About this task: From the records below, print only the part that opens with the line containing "Franziska Giffey Spitzenkandidatin" and closes with the line containing "ホテルの屋上で参加者と話すマリアちゃん"; omit the pictures.

Input material:
+++++

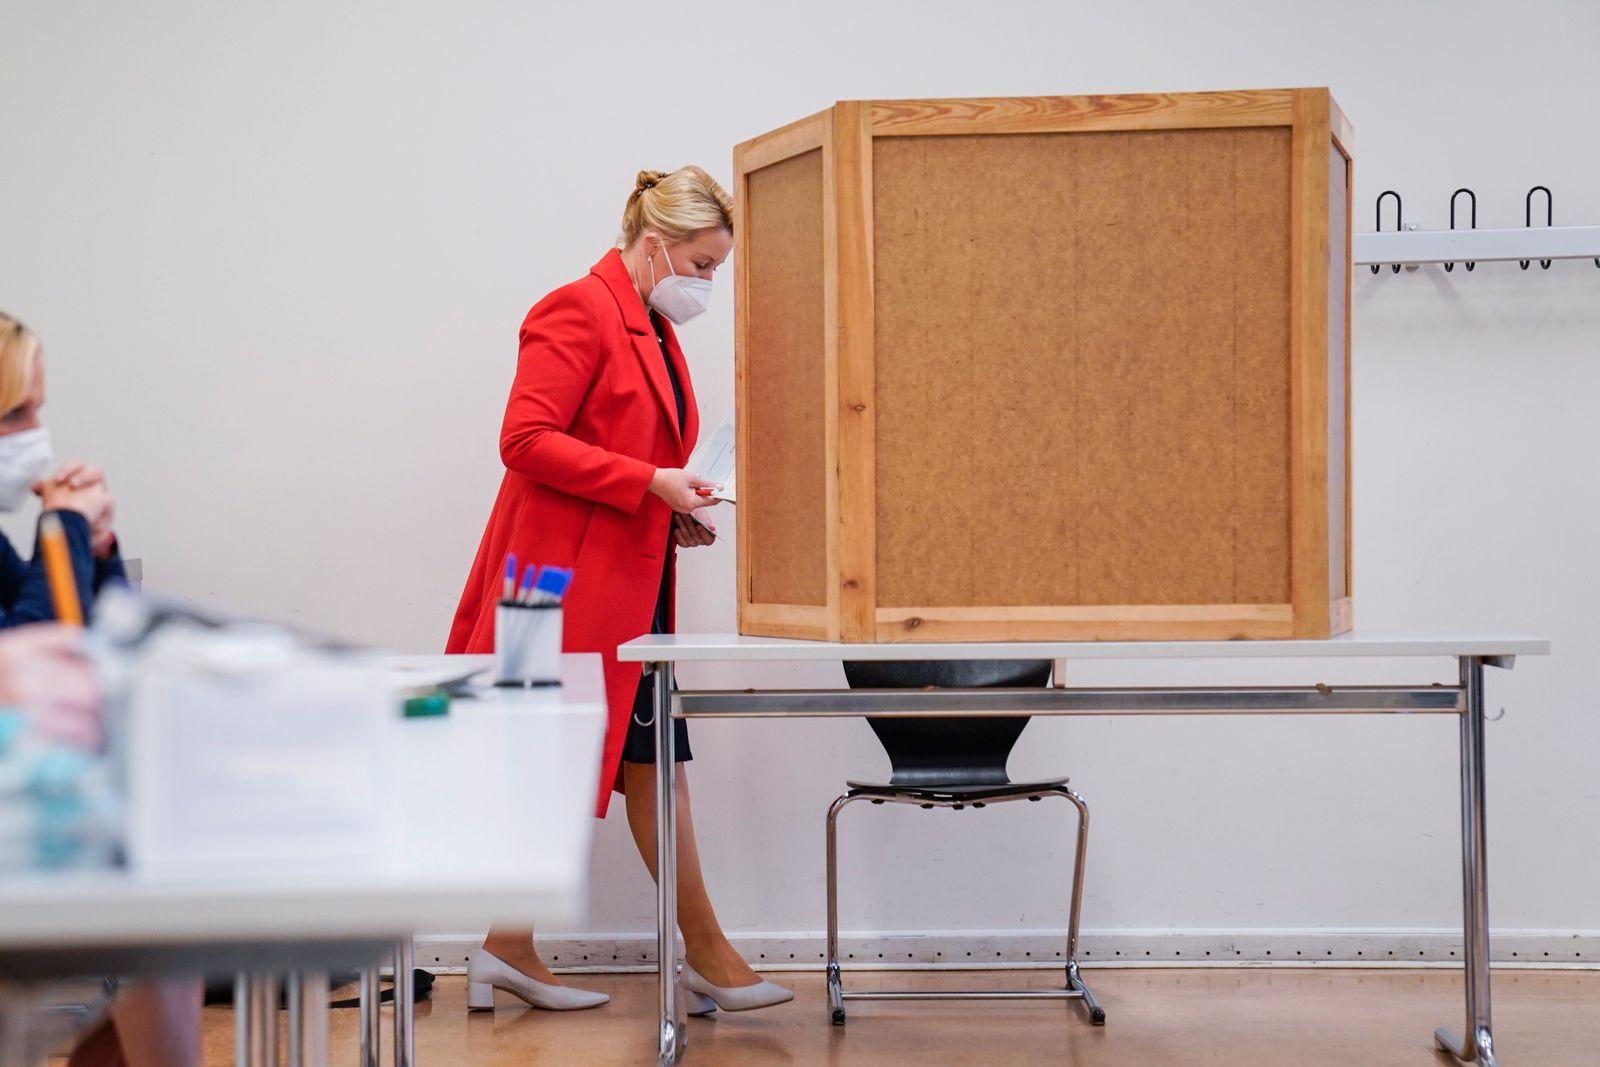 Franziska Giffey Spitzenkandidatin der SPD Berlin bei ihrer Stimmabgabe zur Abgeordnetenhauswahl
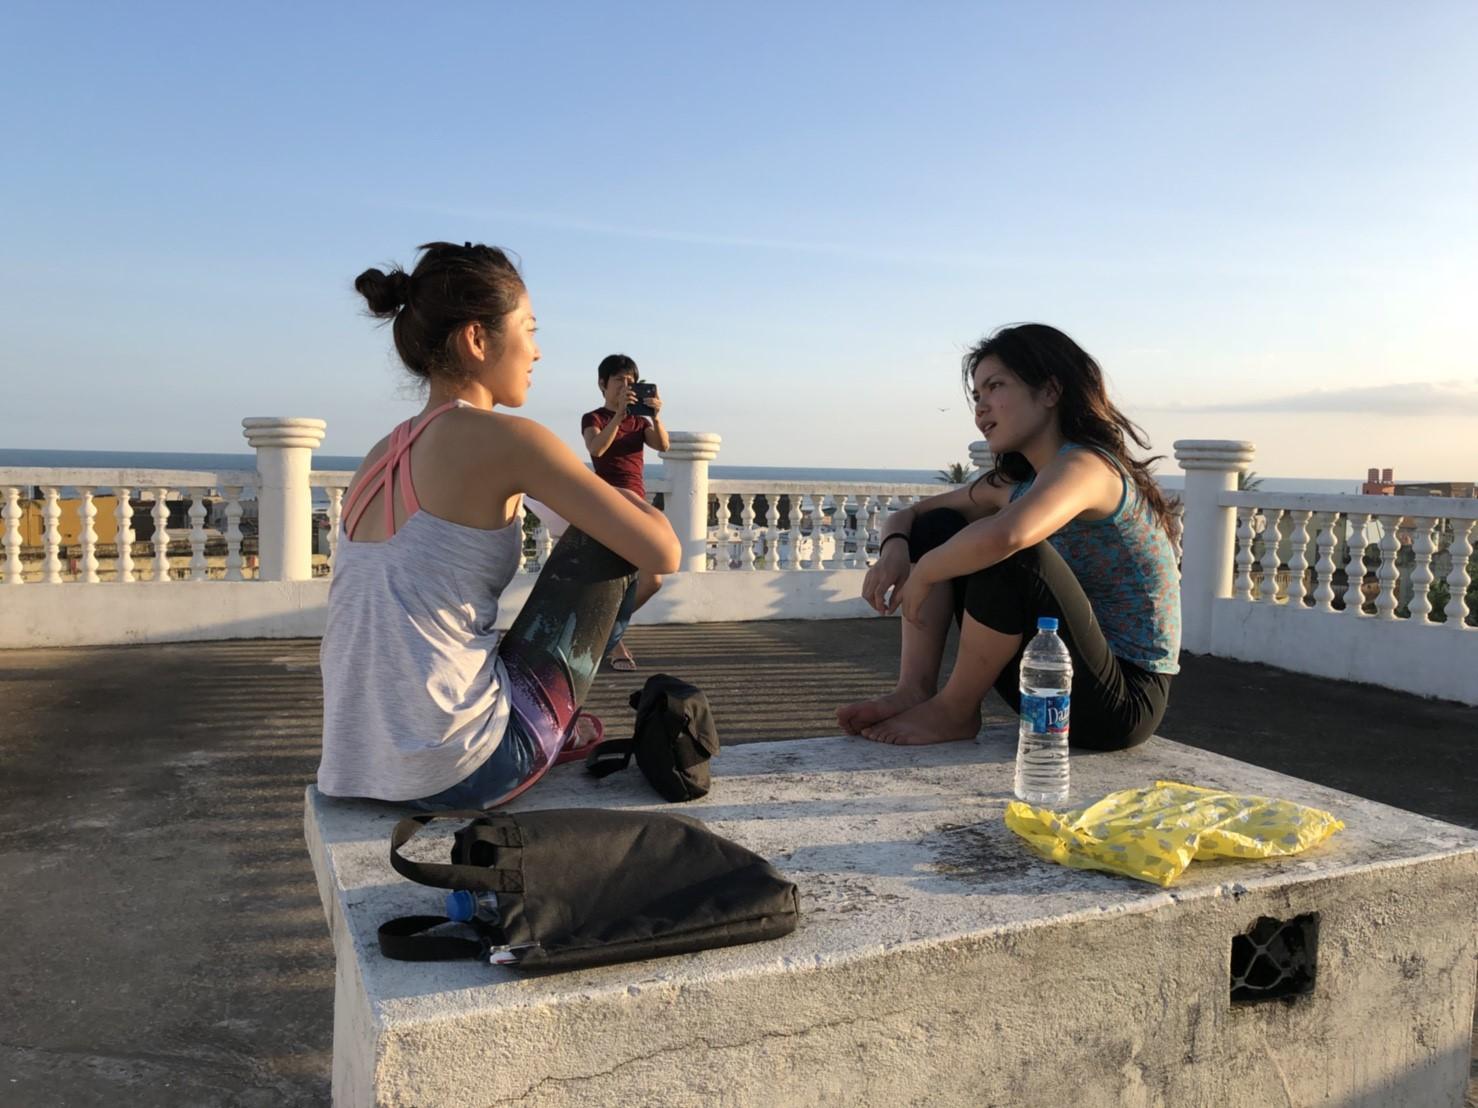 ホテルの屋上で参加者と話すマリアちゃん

+++++

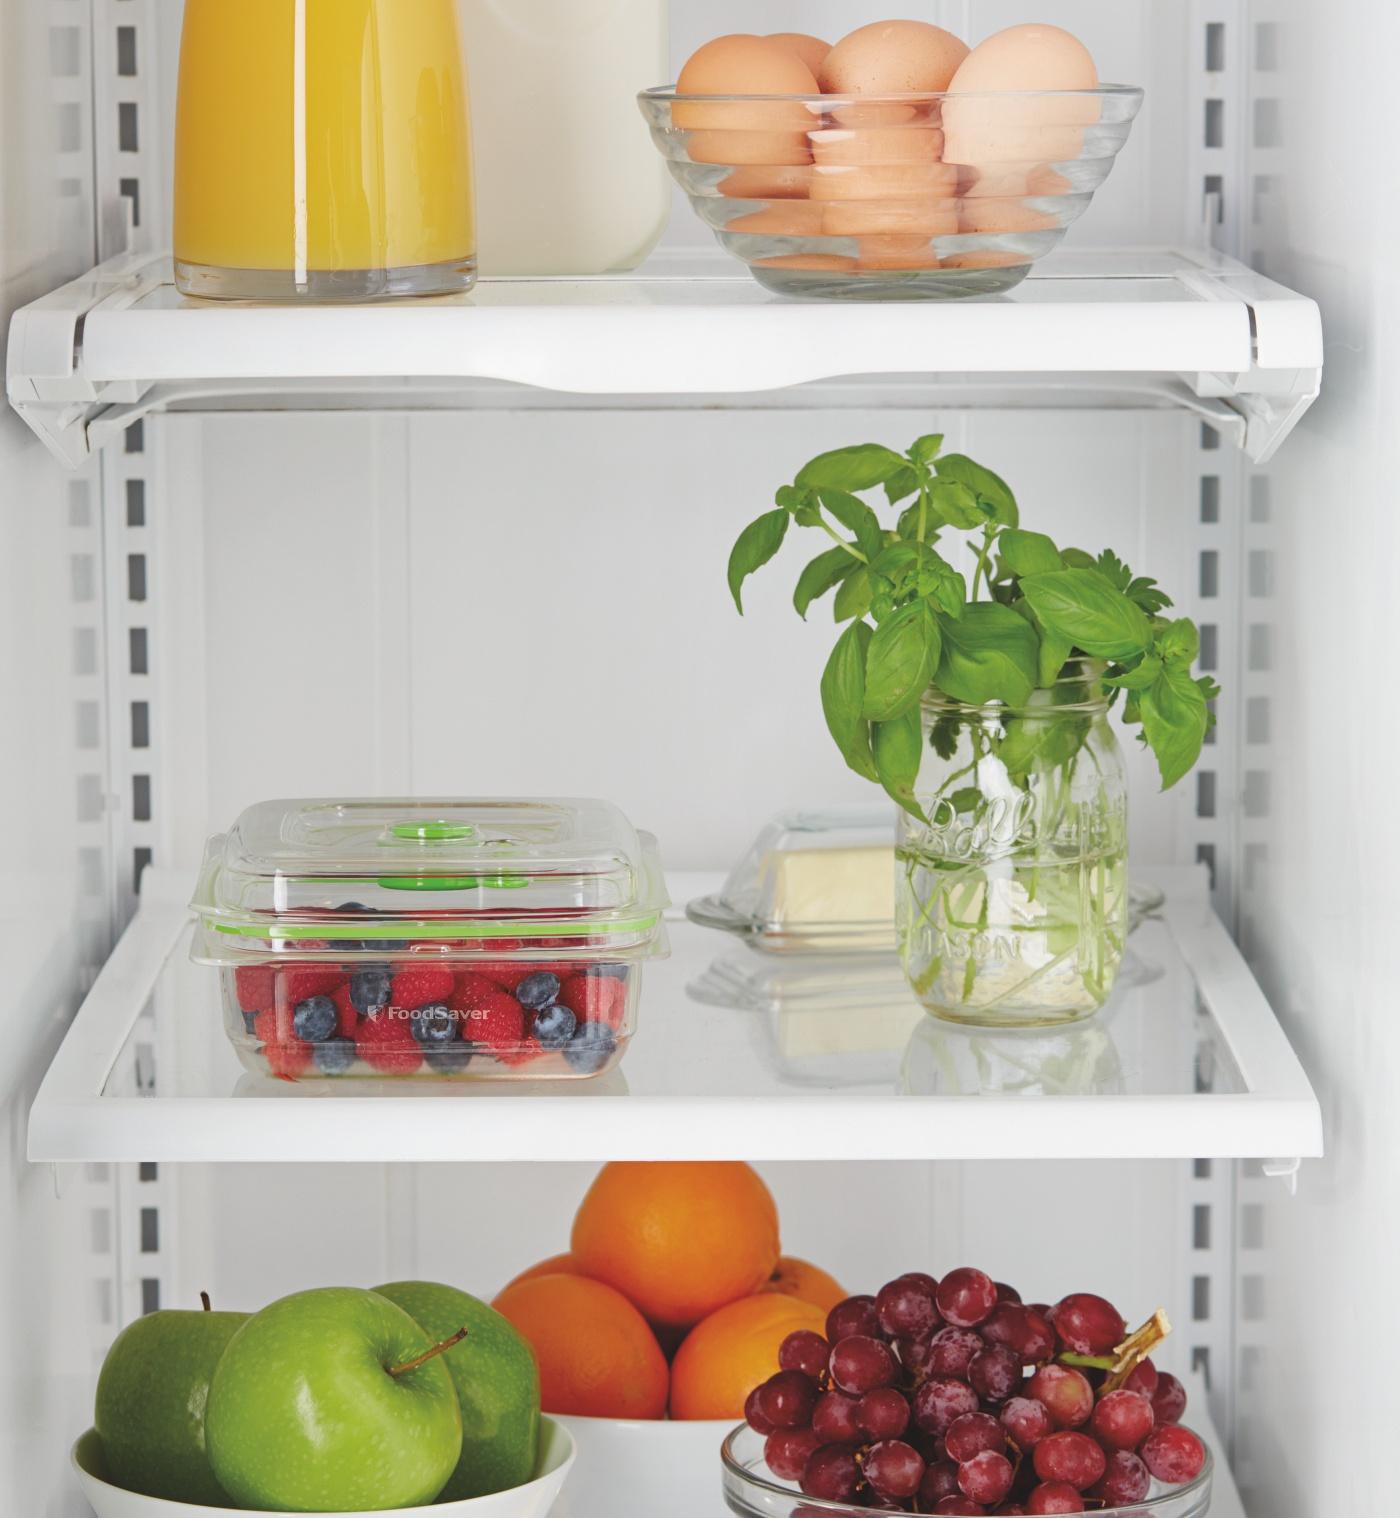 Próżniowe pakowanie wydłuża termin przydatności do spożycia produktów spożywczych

+++++

Result below:
 Franziska Giffey Spitzenkandidatin der SPD Berlin bei ihrer Stimmabgabe zur Abgeordnetenhauswahl
 ホテルの屋上で参加者と話すマリアちゃん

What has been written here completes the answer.